ご紹介した園内視力検査事業は関係者から多くの関心が寄せられています。現在、福岡や北九州、八王子などでそれぞれ開始していますが、この事業を全国に広げたいと考えています。
視能訓練士やメガネ店が各地域で園に出向き、経費をいただいて全園児の検査を行う形を目指しています。こうした活動を通じて、より多くの子どもたちが早期に視力の問題に気づき、必要な治療を受けられる社会を作っていきたいです。
成田:鈴木さんは、最終的にどのような社会を目指しているのですか。
鈴木さん:私たちが目指すのは、すべての子どもが視力の問題で不利益を被らずに成長できる社会です。視力は単に生活を便利にするだけでなく、学習やスポーツ活動にも大きな影響を与えます。子どもたちが常にしっかり見える環境で学び、遊び、経験できる環境にしてあげたいものです。
子どもは自ら「見えにくさ」を訴えることはほとんどありません。これは乳幼児だけでなく高校生でも意外と同じです。周りの大人が気づいてあげる、という意識が大切なんです。
例えば、いま急増しているとされる近視。学校では視力検査が行われますが、視力0.7程度あれば学習には問題ないよ、と本当に言えるでしょうか。視力が低いままスポーツしていてボールがよく見えず、スポーツに自信が持てないお子さんもいるかもしれません。弱視に気づかずこの世界の美しさをぼんやりとした風景で見ている乳幼児もいます。

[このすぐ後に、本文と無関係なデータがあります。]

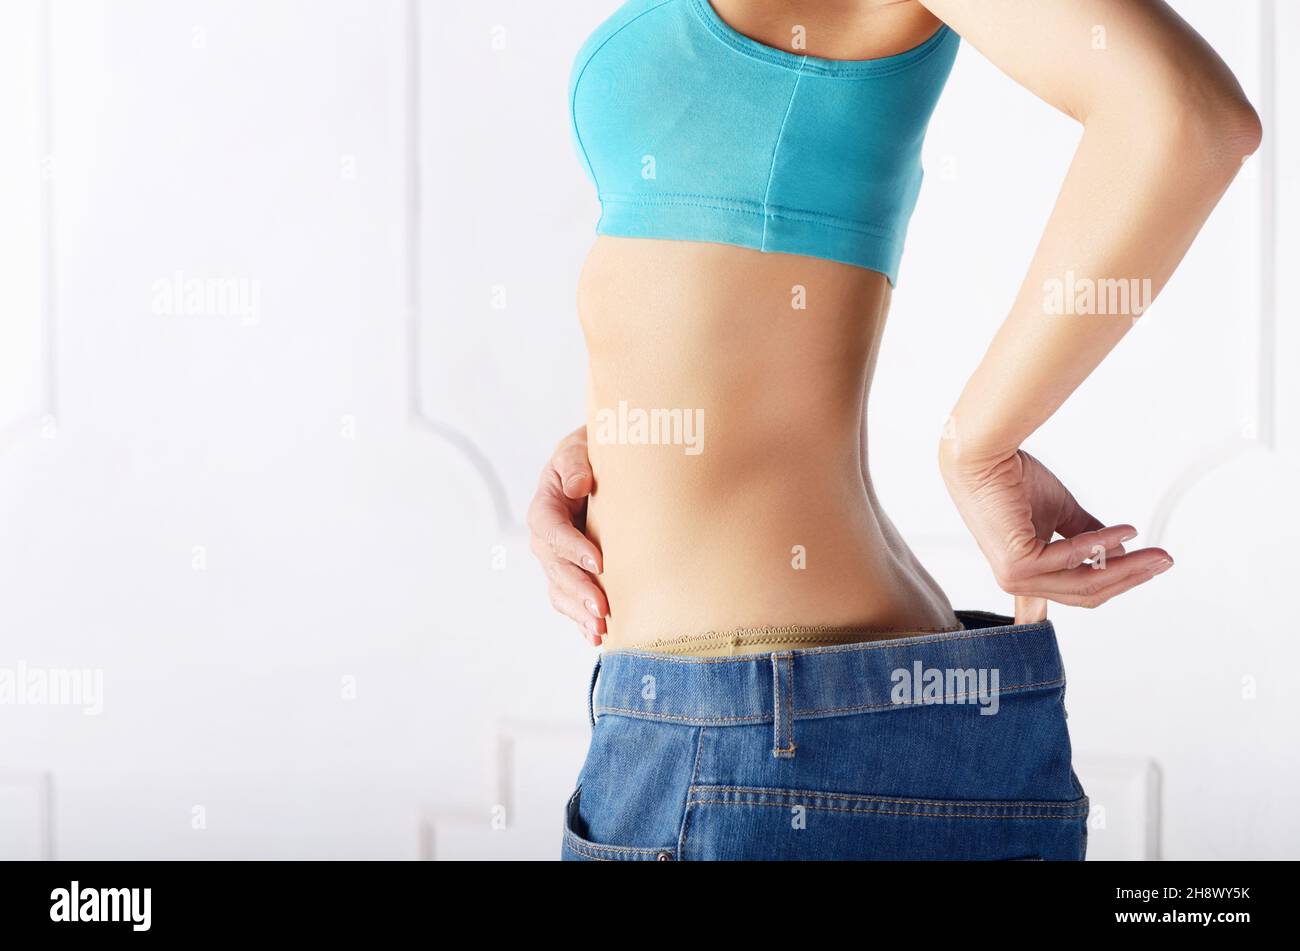 Skinny Weight Loss Woman Show Flat Stomach Pulling by Hands Oversized Big  Blue Pants Jeans Showing Thumbs Up Sign. Slim Body Low Stock Image - Image  of skinny, lost: 214863739

子どもの「みる力」に対して積極的に大人たちが気づいてあげる社会を実現することで、子どもたちが自分の力を最大限に発揮できる社会が理想です。そのためには、保育園から高校生くらいまで、視力問題に対して深く注意を払う仕組みが不可欠です。私たちは全国的に活動を展開し、誰もが安心して視力サポートを受けられる環境を整えたいと考えています。

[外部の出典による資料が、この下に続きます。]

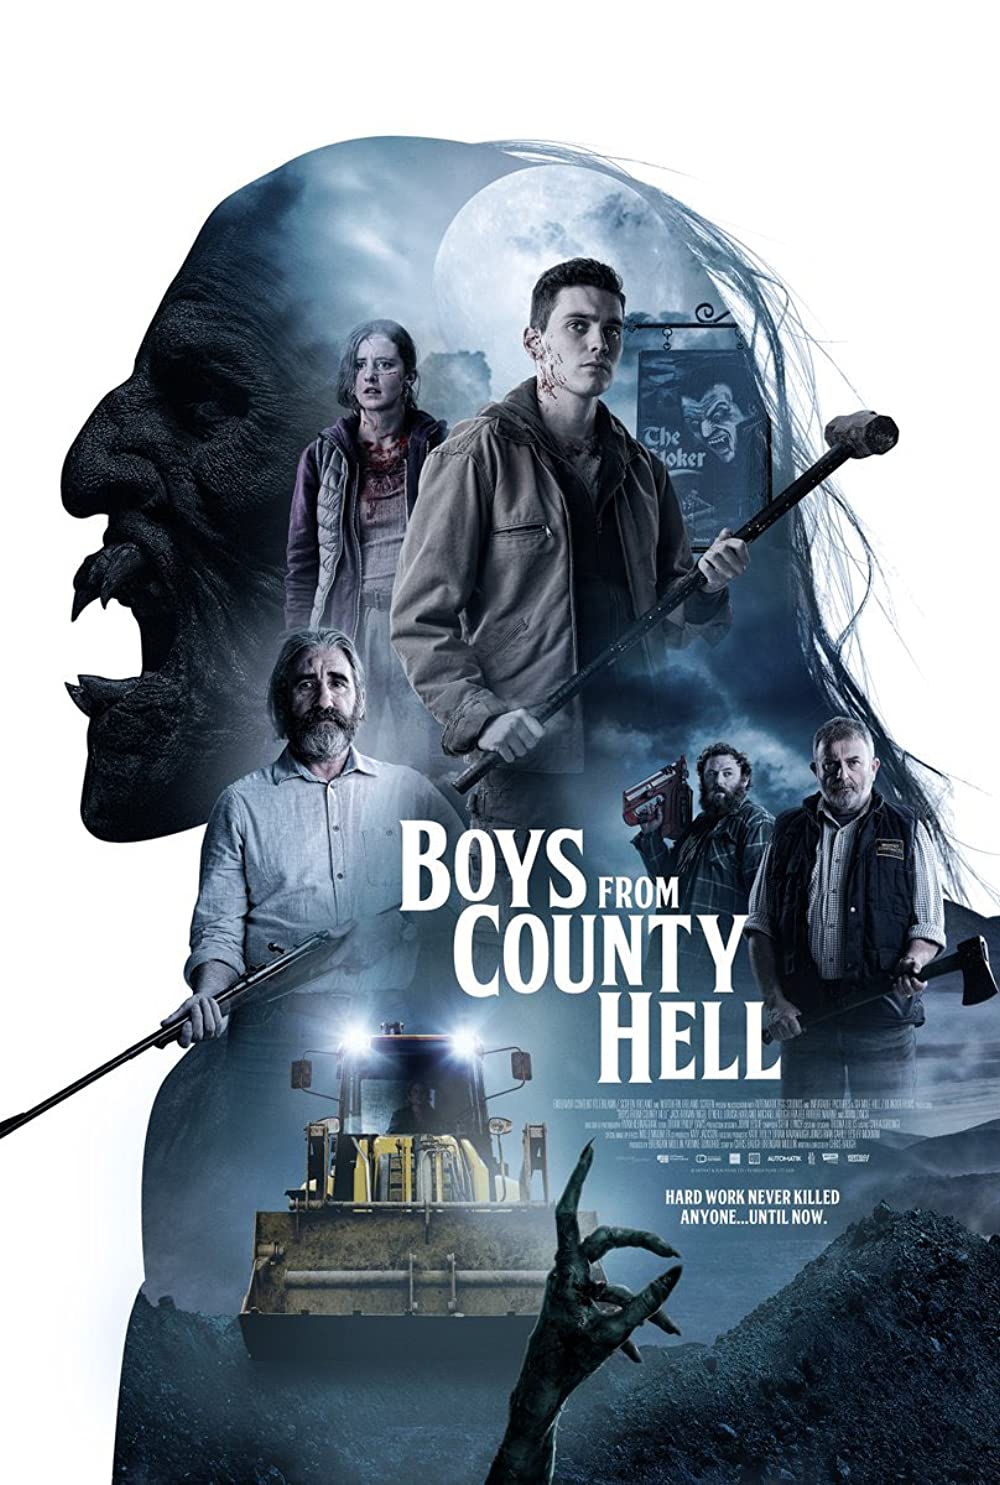 BoYS FROM COUNTY HELL Subtitles [English SRT]

編集後記:今回は、子どもの弱視問題の解決に取り組む「みるみるプロジェクト」を牽引する鈴木さんにインタビューしました。「みるみるプロジェクト」は、全国の眼科に「みるみる手帳」を配布し、保育園や幼稚園での視力検査活動へとその活動を広げています。視力の問題は後天的なものに注目されがちで、先天的な弱視が見落とされることも少なくありませんが、このプロジェクトでは早期発見に力を入れ、子どもの目の健康の重要性を広めています。着眼点のユニークさに加え、多くの保護者や子どもたちがこの活動に救われていることでしょう。すべての子どもが視力の問題で不利益を被らない社会の実現が近づいていると感じます。鈴木さん、貴重なお話をありがとうございました。